Analise a situação hipotética a seguir: Um coletivo de mulh...
Um coletivo de mulheres busca atendimento junto ao Núcleo de Promoção e Defesa dos Direitos das Mulheres (NUDEM), da Defensoria Pública do Paraná, pois tramita em um município do estado um Projeto de Lei (PL) que busca vedar na rede de saúde a realização de aborto em qualquer hipótese e em qualquer momento da gestação.
Considerando as regras e princípios regentes do controle de constitucionalidade e as normas constitucionais (Constituição Federal e Estadual) sobre as temáticas envolvidas na situação, bem como considerando o papel da Defensoria Pública, assinale a alternativa que apresenta as adequadas e corretas orientações que o NUDEM poderá fornecer ao coletivo de mulheres que buscou a Defensoria Pública no referido caso.

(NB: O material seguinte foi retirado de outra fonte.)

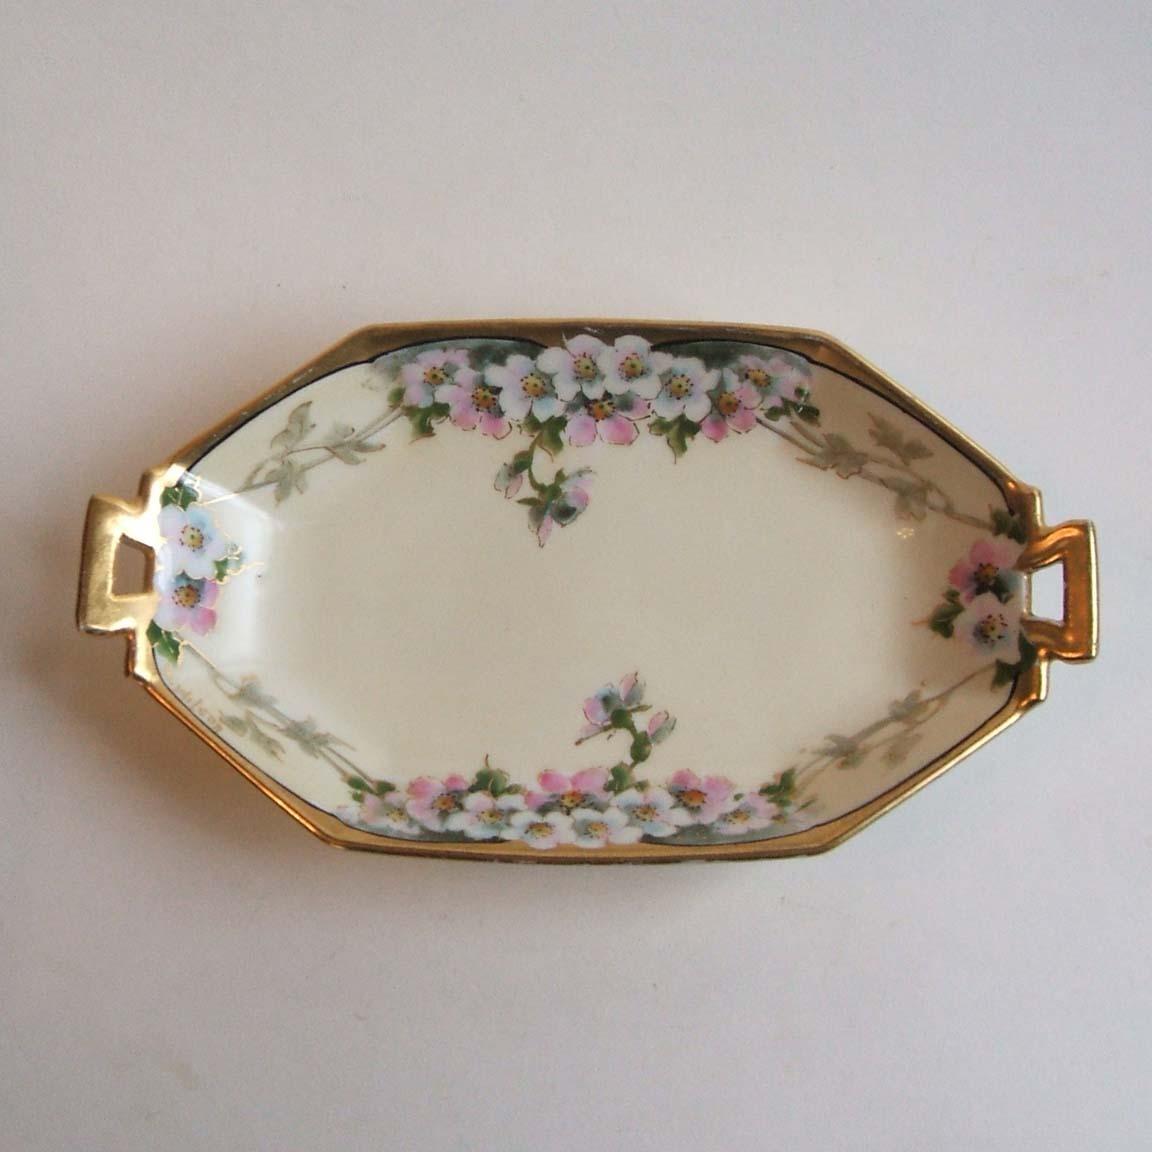 t v limoges france hand painted porcelain dish walter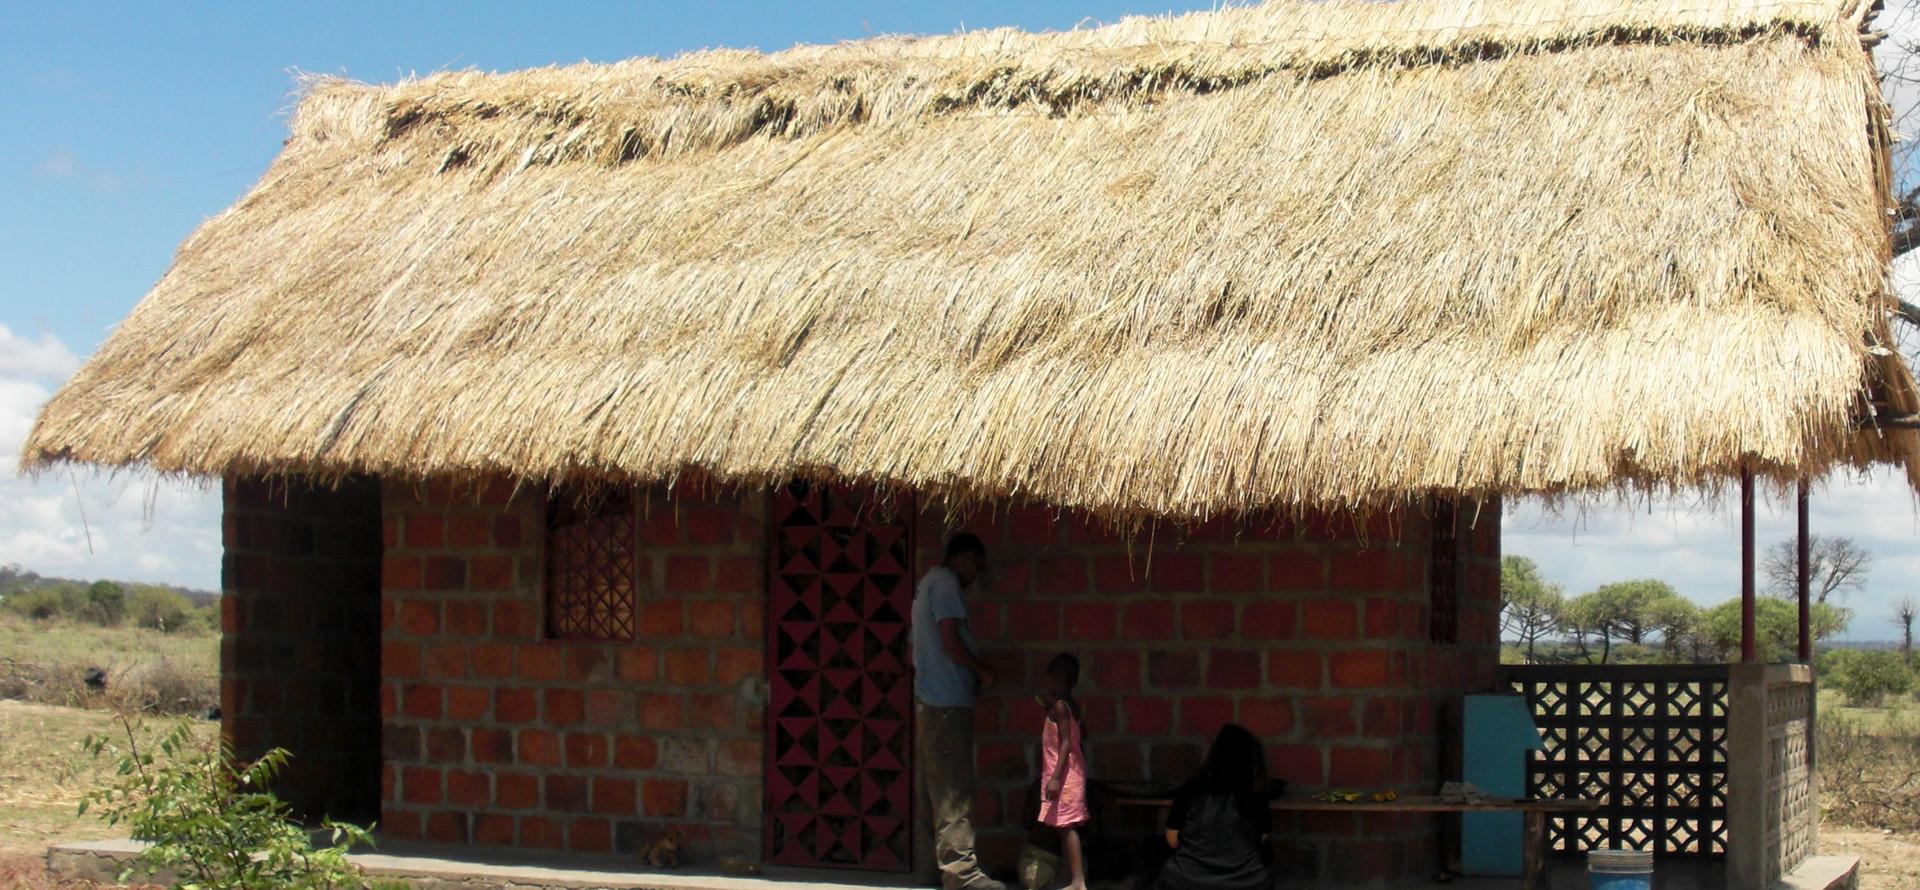 Grass roof house, Msitu wa Tembo

GABARITO: C) Caberá à coordenação do NUDEM informar que, durante a tramitação do PL, não há legitimidade da Defensoria Pública para realizar o controle prévio de constitucionalidade, mas é possível realizar uma nota técnica sobre o PL, no exercício legal da difusão e conscientização dos direitos humanos, da cidadania e do ordenamento jurídico, qualificando o debate público e institucional a respeito do tema.
Alternativa verdadeira.
De plano, devemos observar que o Projeto de Lei em questão está em tramitação, ou seja, não foi aprovado.
Trata-se então de controle de constitucionalidade preventivo.
Bernardo Gonçalves Fernandes ensina que:
“O controle preventivo realiza-se antes do aperfeiçoamento do ato normativo, ou seja, no processo de produção normativa (processo legislativo) [...] No Brasil, conforme iremos analisar, embora não seja regra, temos exemplos de controle preventivo na atividade do Poder Legislativo (por meio das Comissões de Constituição e Justiça), do Poder Executivo (por meio do veto presidencial) e do Poder Judiciário [...]”.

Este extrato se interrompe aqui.